What to work on: Starting at the line with "KK104 Business Shirt - Kustom Kit" and ending at the line with "NINAQUEEN Charms Bracelet", print exactly the lines of the entries below. Pictures do not belong in the copy.

Exercise inputs:
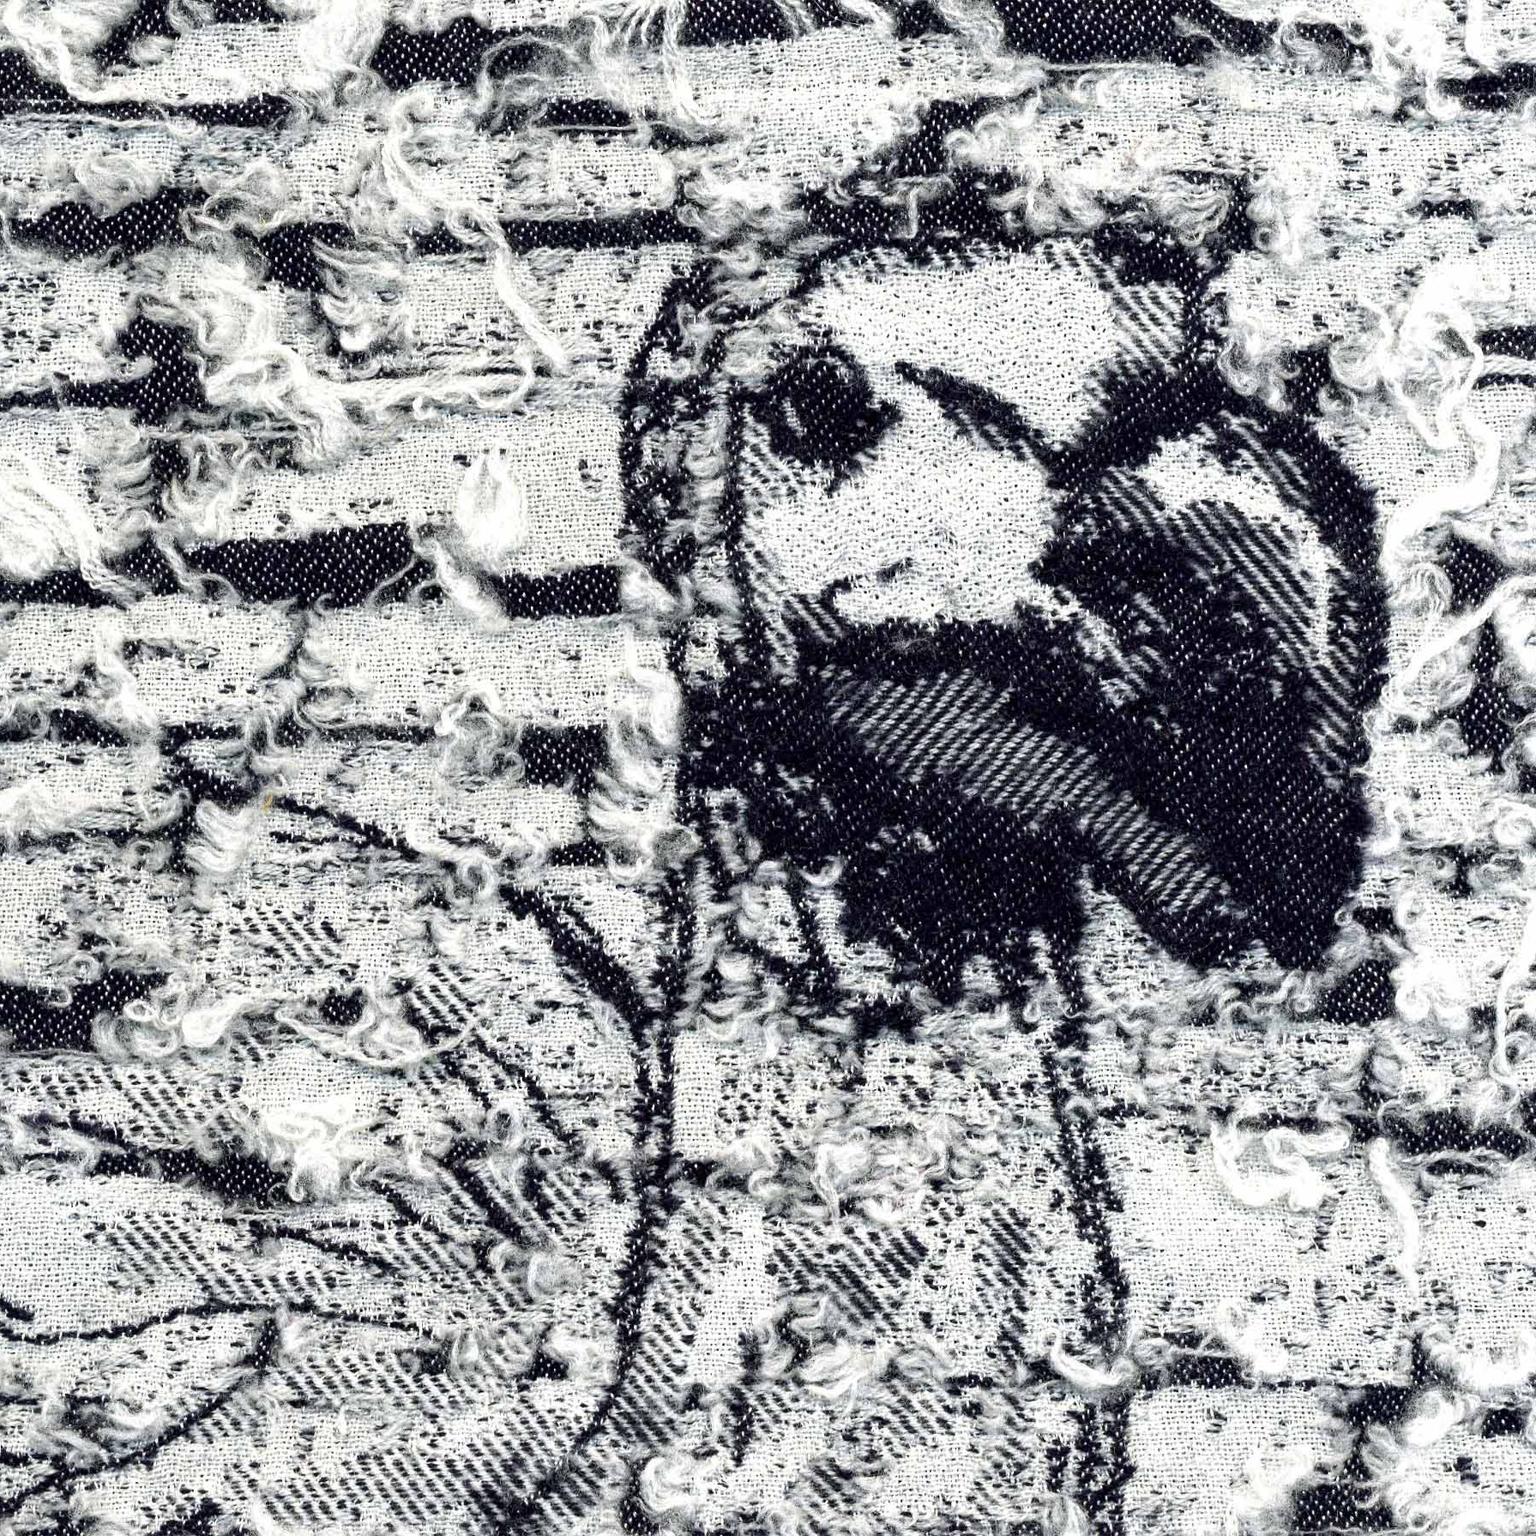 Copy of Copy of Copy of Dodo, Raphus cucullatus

* * *

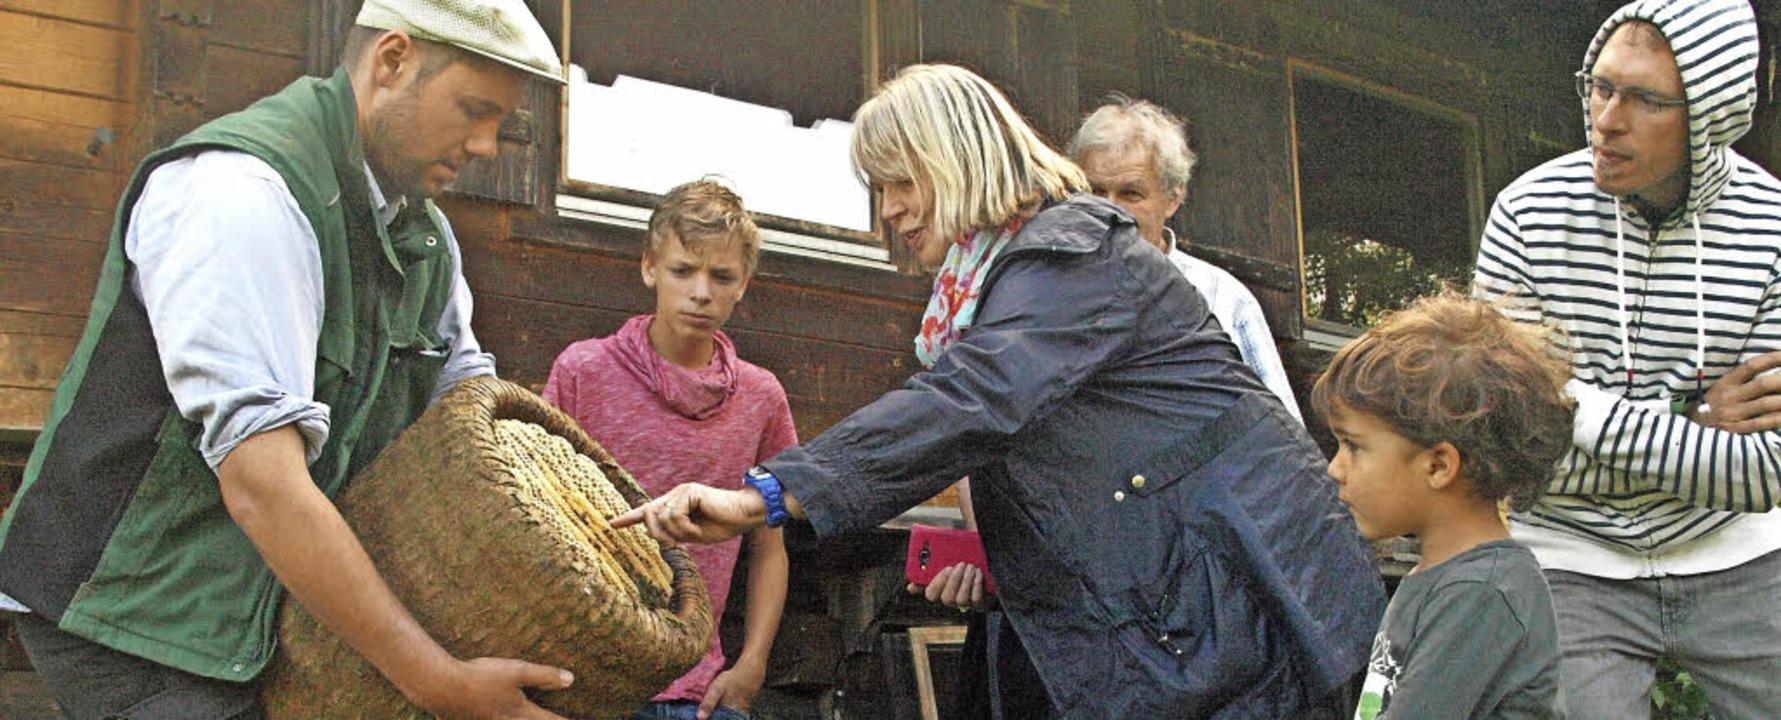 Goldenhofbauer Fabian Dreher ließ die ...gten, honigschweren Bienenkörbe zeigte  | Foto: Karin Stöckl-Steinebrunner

--

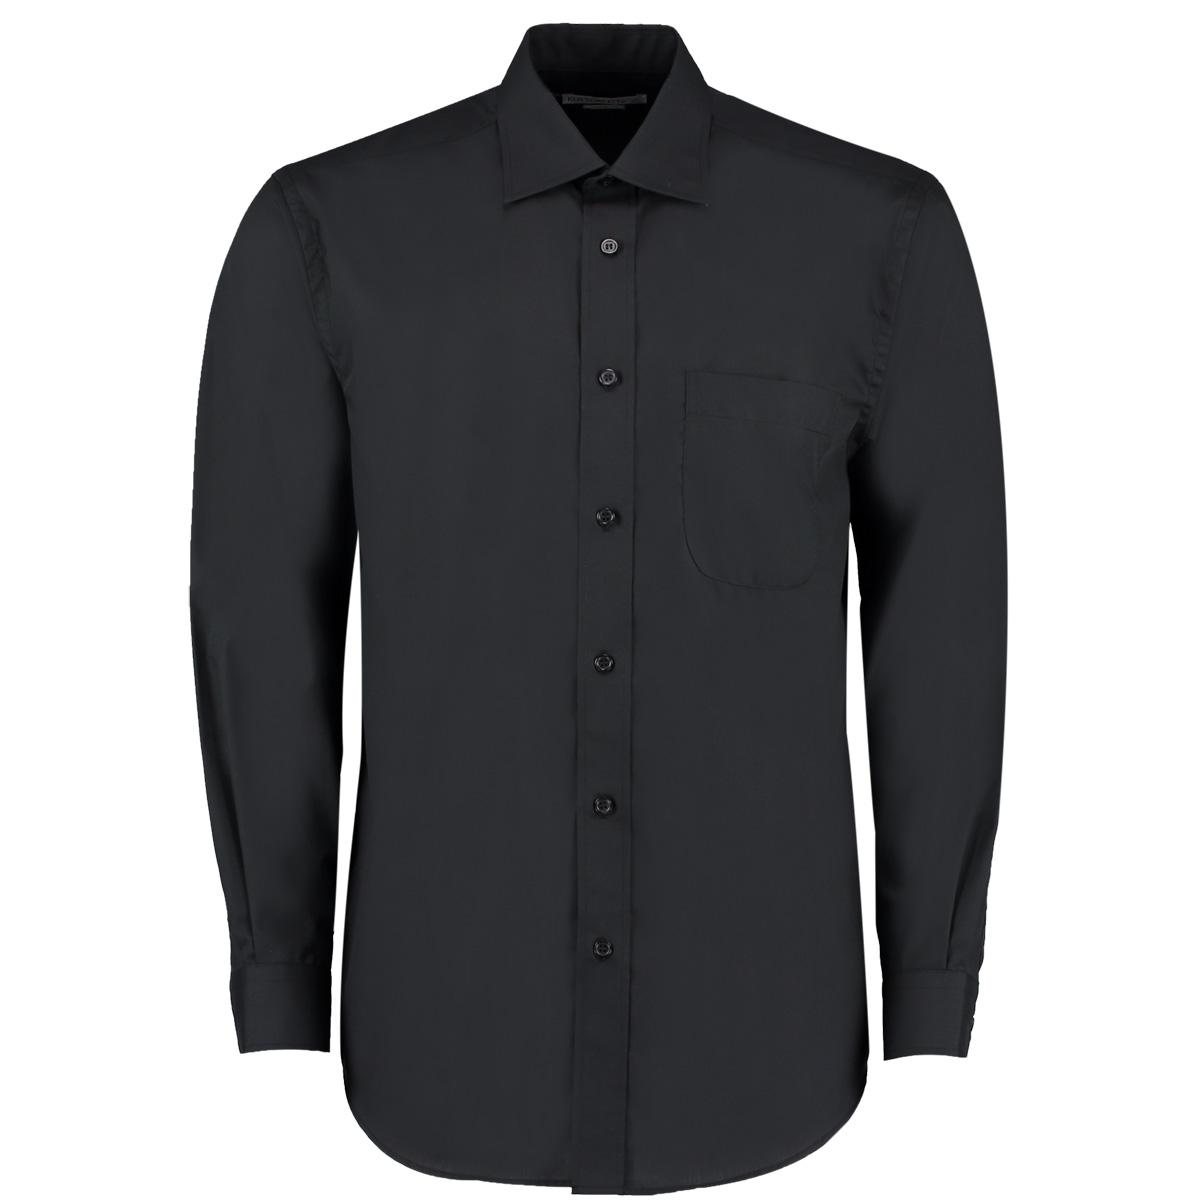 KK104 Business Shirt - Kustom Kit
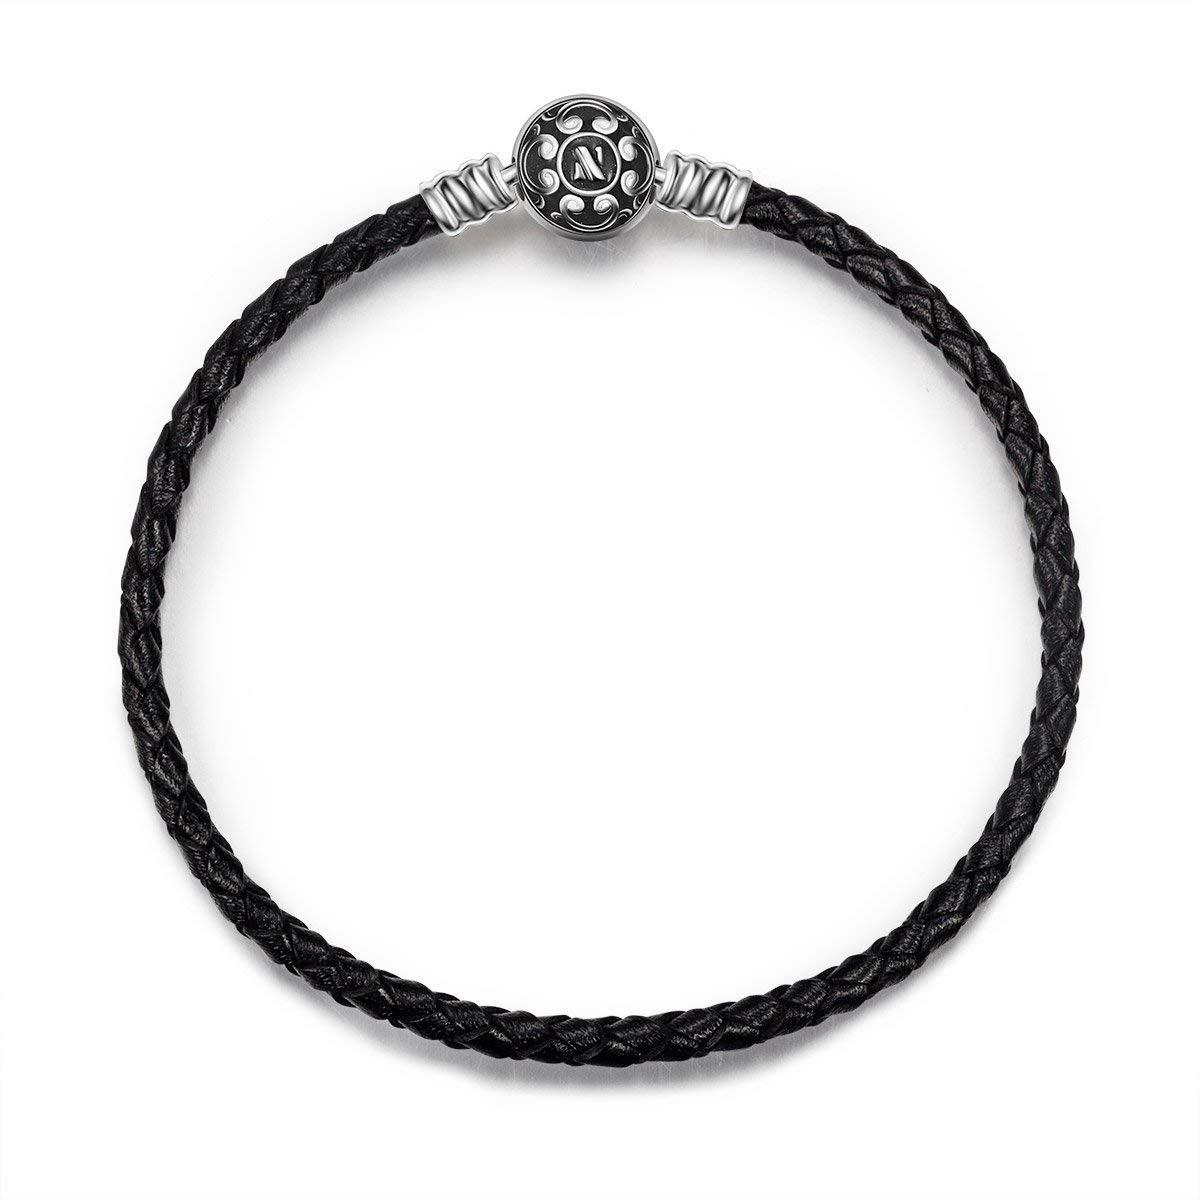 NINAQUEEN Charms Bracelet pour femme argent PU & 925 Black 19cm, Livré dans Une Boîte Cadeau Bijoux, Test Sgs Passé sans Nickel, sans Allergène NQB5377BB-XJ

Answer box:
 KK104 Business Shirt - Kustom Kit
 NINAQUEEN Charms Bracelet pour femme argent PU & 925 Black 19cm, Livré dans Une Boîte Cadeau Bijoux, Test Sgs Passé sans Nickel, sans Allergène NQB5377BB-XJ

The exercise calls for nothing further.